Epic Games and Apple began their high-profile trial on Monday to launch a lawsuit that is expected to take at least two weeks and has the potential to change not only the app manufacturer’s ecosystem but also hundreds of billions of dollars in the broader app economy.

The main focus of the case is Fortnite, Epic’s extremely successful video game, which was released last summer by the Apple App Shop for violating its digital payments rules with the creation of its own framework. Apple (AAPL) gets a 30 percent cut in several in-app buys on iOS devices and does not permit alternate payment schemes. The withdrawal of Fortnite from the App Store led Epic to sue Apple.

Epic Games and Apple spar over consoles and walled gardens on opening day  of trial - CNN

Epic and its first witness – the company’s CEO, Tim Sweeney – tried on day one to create the anti-competitive conduct of the Apple App Store and its denial of other app stores on its website. The company submitted that Apple’s tight regulation of its iOS ecosystem—known as a walled garden—is a monopoly that calls on iPhone makers to allow alternative app stores, and possible applications, on their devices outside their own limits and what they agree to.

Sweeney said during his testimony, “Epic is just looking for improvements in Apple’s potential behaviour” and no punitive damages.

Apple claims that allowing apps on its unrestricted devices could jeopardize its ecosystem protection and privacy – features it highlighted as a sales point.
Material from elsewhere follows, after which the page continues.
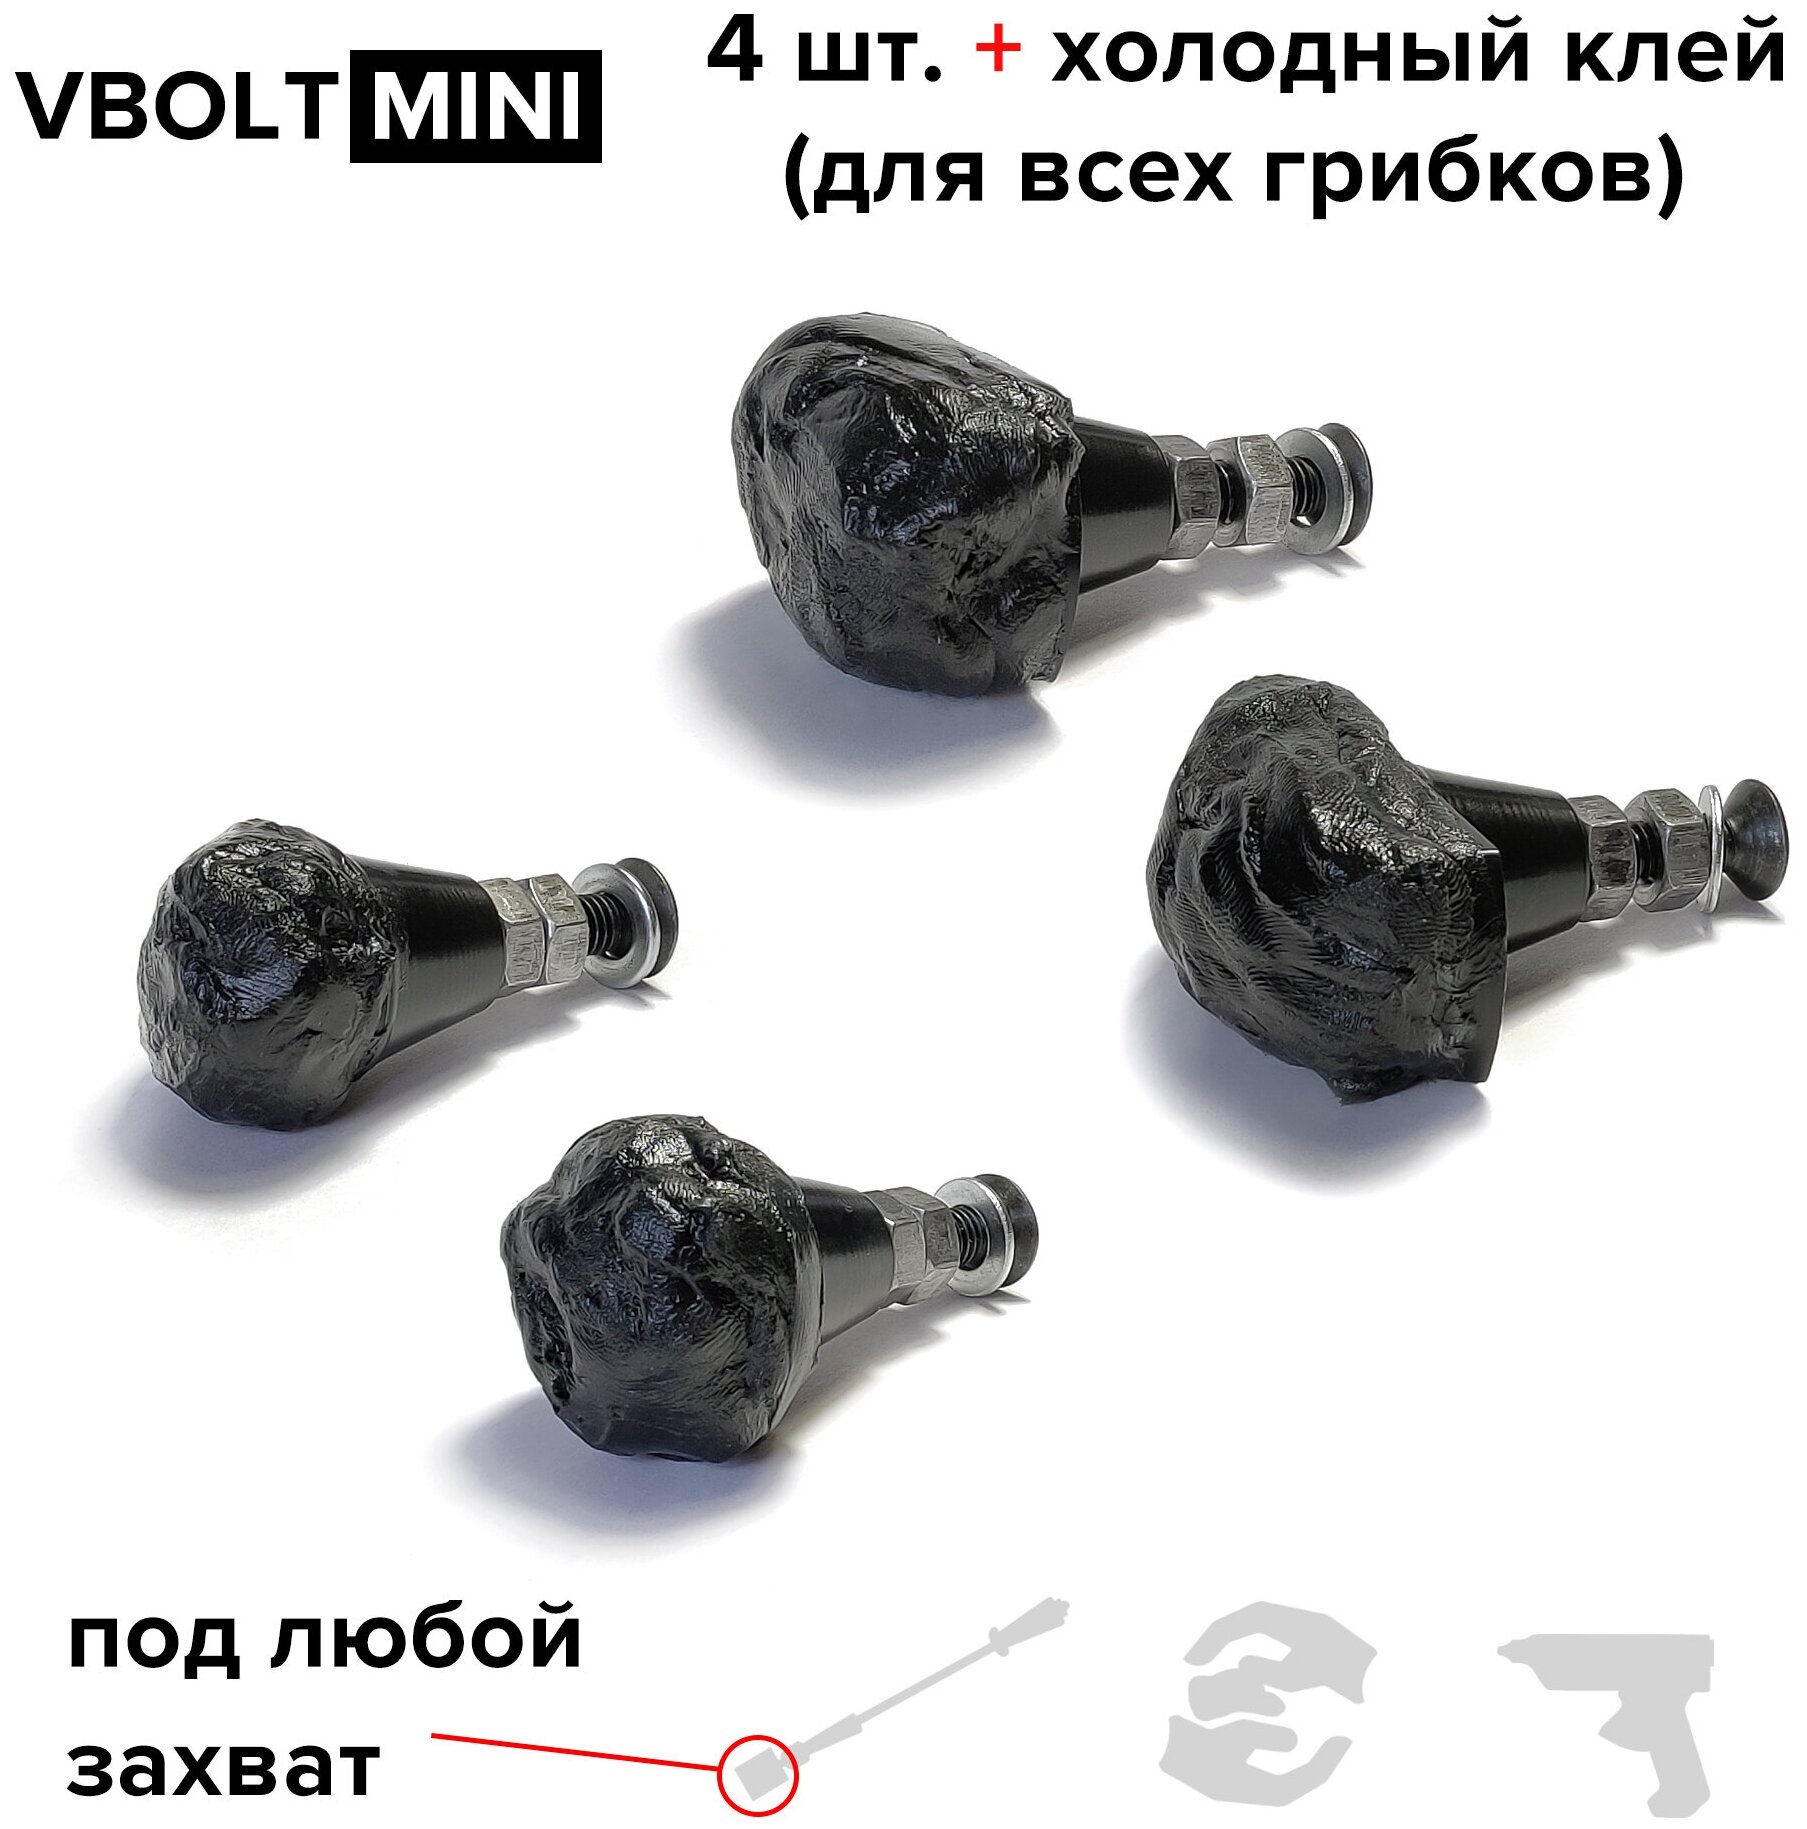 Клеевые адаптеры (грибки) Выпрямитель VBOLT MINI для удаления вмятин (PDR / DOL / БУВ), 4 шт. + холодный клей MIDIAR, 50 гр.

It also claims that it competes in a vast market of video games, which is just a small part of which it has no monopoly and can not exploit such a role.
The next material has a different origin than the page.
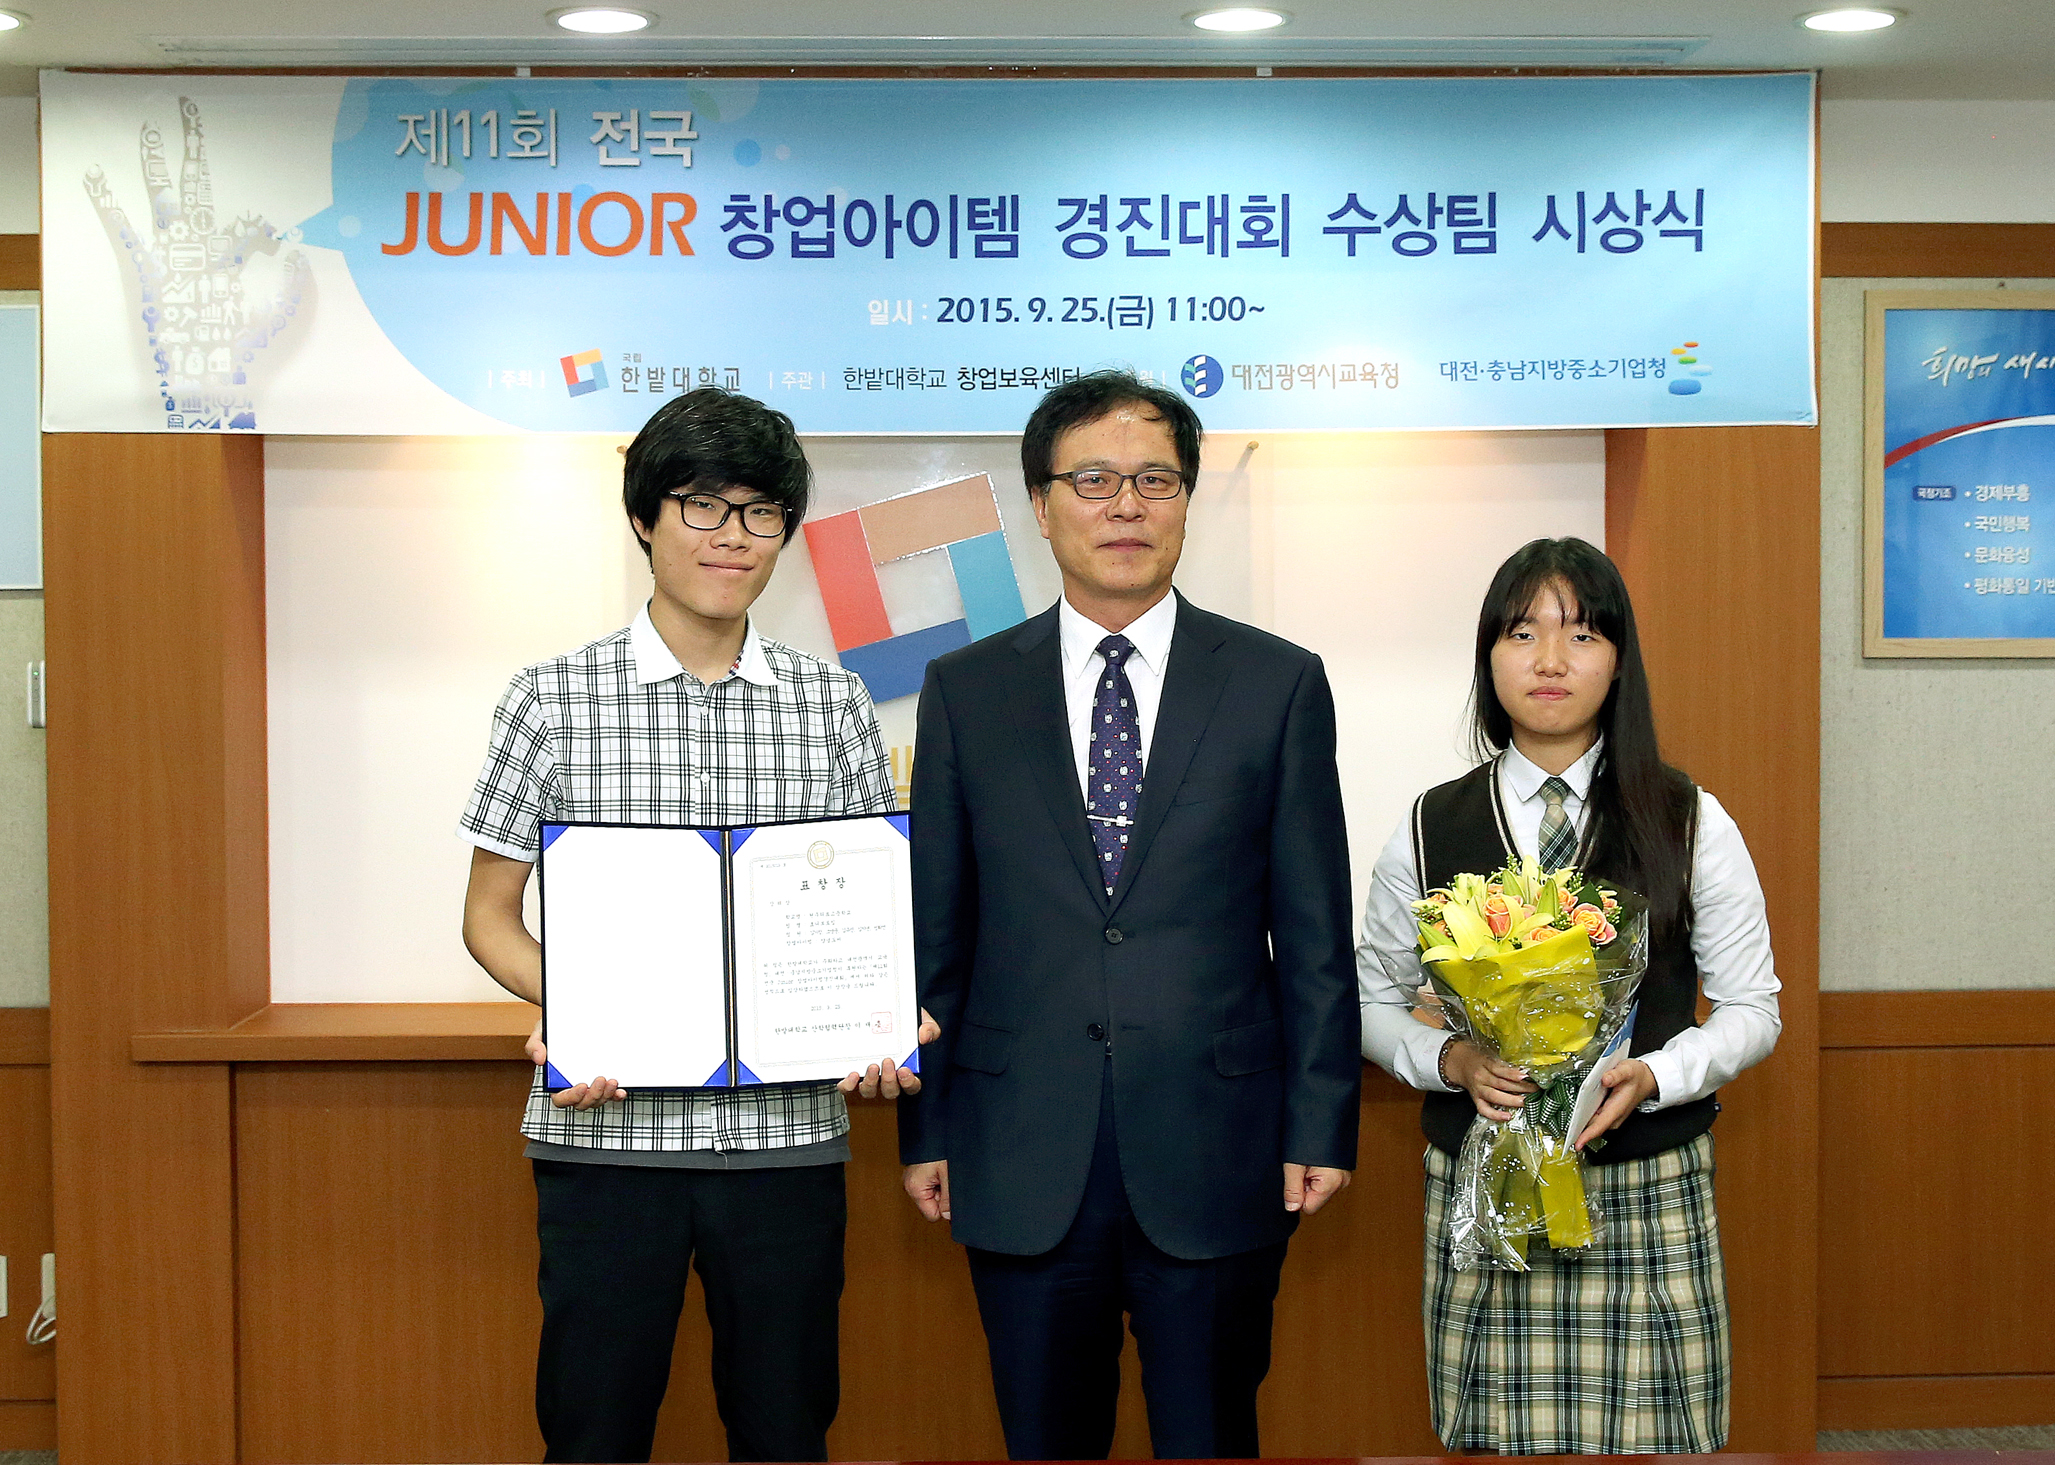 제11회 전국 Junior 경진대회 시상식1번사진

Most of the day was focused on both companies trying to figure out how they describe their businesses. Sweeney characterised Fortnite as a “metaverse” and “social experience,” a virtual universe that contains more than just gaming movies, TV shows and concerts.

Epic Games and Apple spar over consoles and walled gardens on opening day  of trial | Business | gwinnettdailypost.com

Market definition is crucial for every possible antitrust case. A monopoly under US law is not illegal; it is only illegal to attempt to maintain a monopoly at the detriment of competition. Apple seeks to establish that its operating system, iOS, competes with many other systems and thus does not abide by antitrust legislation.
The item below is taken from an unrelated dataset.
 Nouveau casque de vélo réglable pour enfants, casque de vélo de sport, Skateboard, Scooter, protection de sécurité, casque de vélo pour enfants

Epic claims that Apple uses iOS in a restrictive environment, and then charges users and developers heavy costs for additional transactions. An epic lawyer, Katherine Forrest, once compared Apple to a car dealer who charges consumers with the gas every time their vehicles are being filled.

Apple has reversed allegations of anti-competitive behavior by claiming that Fortnite is available on a variety of other major platforms, including personal computers, the Google Android operating system, and Epic’s own online game store, as well as prominent video game consoles such as Sony’s PlayStation, Microsoft’s Xbox, and Nintendo’s Switch. Users will play Fortnite against each other on all those platforms and largely shop on one platform to use on the other, Apple argued.

“Epic calls for government action to take away a consumer option,” Apple lawyer Karen Dunn said in her opening speech.

Epic Games and Apple spar over consoles and walled gardens on opening day  of trial – ShareandStocks.com

During his cross-examination of Sweeney, another lawyer from Apple, Richard Doren, pointed out that Epic pays a similar 30 percent console fee even though the platforms don’t accept external applications or alternative payment methods either. Sweeney claimed that consoles losing revenue and making apps up for hardware sales are different from the lucrative Apple app store.

Many other major names are expected to testify in the coming days, including Apple CEO Tim Cook and Facebook (FB), and Microsoft representatives (MSFT).

The judge’s decision—and, naturally, the lawsuits that would almost undoubtedly follow—may have a big impact not only on Apple and its iOS ecosystem but also possibly on other app stores and the overall app economy, which is growing to hundreds of milliards of dollars and providing millions of jobs. Either the way many in-app transactions operate or the power technology companies must set the rules of an increasingly digital environment could be transformed.